Meraviglia certo che un giornalista solitamente esatto come Indro Montanelli scriva che «quando venne la guerra... il
novanta per cento degli eroi scappavano e l’ottanta per cento dei navigatori non sapevano nuotare», dimostrando una
ferrea memoria sugli effetti di una catastrofe che non va imputata al soldato italiano intendendo come tale l’esercito
operante e non quello che sedeva a Roma; la medesima memoria Montanelli non l’ha serbata a ricordare i suoi impetuosi
articoli quale corrispondente di guerra, come non ha ricordato che, nel momento più grave della nostra storia, son
mancati gli ordini dei capi in doppia «greca» ma anche i «suggerimenti eroici» dei giornalisti armati, come lui, di
macchina da scrivere.
Le argomentazioni sarebbero lunghe e, se a qualcuno piacerà, si potranno anche discutere su queste colonne sebbene la
conclusione sia unica: il Soldato italiano ha dimostrato nell’ultima, come nelle precedenti guerre, un eroismo che gli
merita il rispetto di tutti, compreso quello del predetto signore.
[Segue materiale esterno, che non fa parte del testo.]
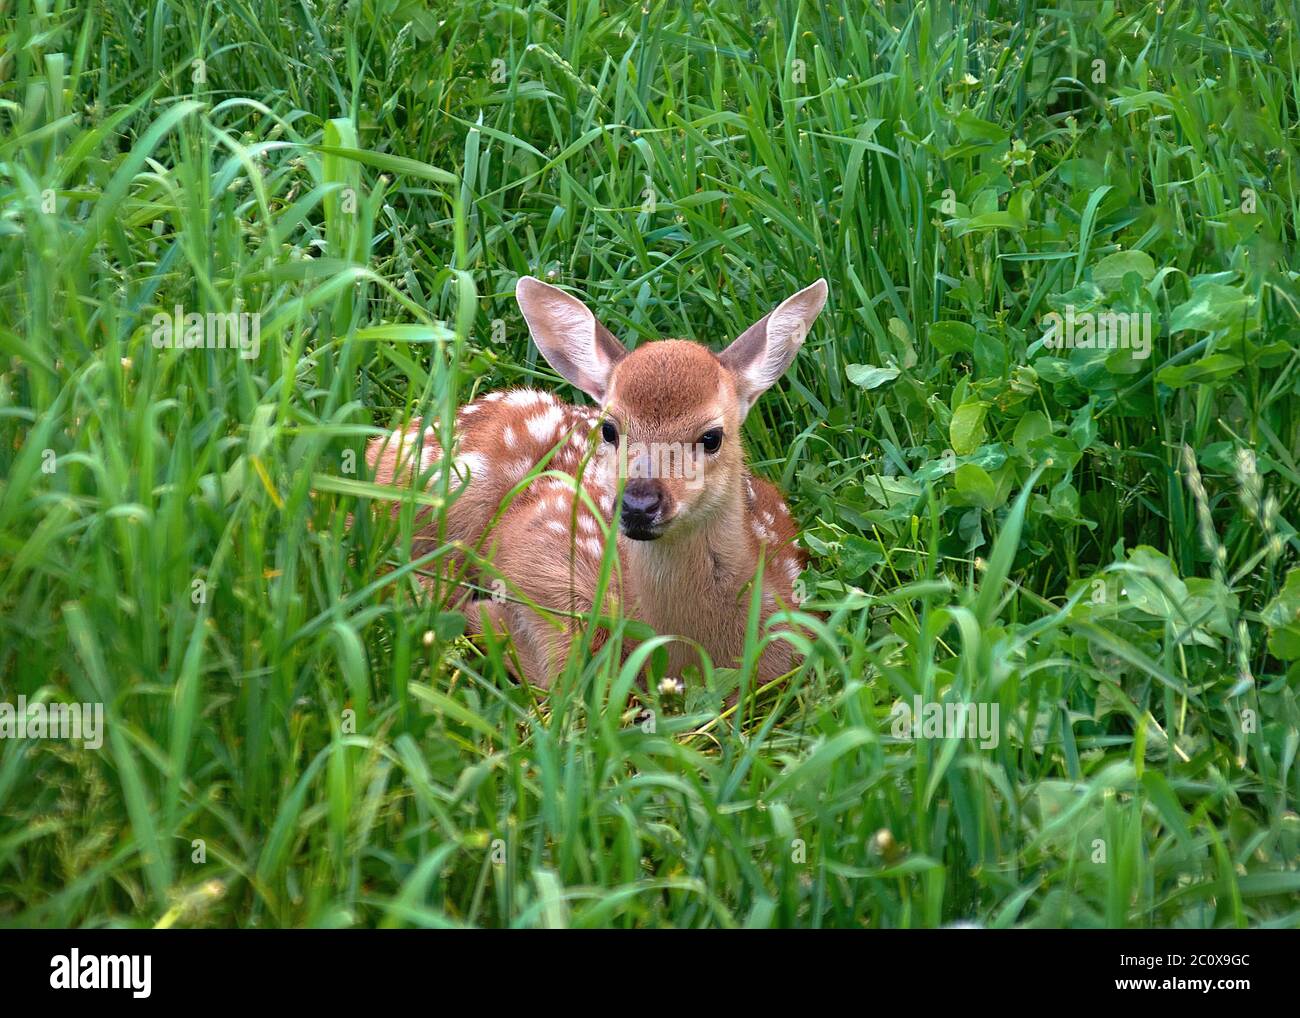 Il cervo cucito dalla coda bianca si trova nel grass.focus sul animale Foto Stock

Non abbiamo la pretesa di declamare con enfasi esclusivistica che la nostra è una e Patria di eroi, di santi, di poeti e
di «navigatori» ma crediamo che abbastanza di tutto ciò si possa riconoscere alla nostra Italia.
Come cittadini e soldati noi continuiamo a cercar di meritare quanto le generazioni trascorse ci han lasciato di buono,
di rimediare agli errori gravi di pochi potenti che i deboli han lasciato divenire tali, per poter infine consegnare
agli italiani di domani un Tricolore pulito da sventolare senza vergogna nel cielo d’Italia.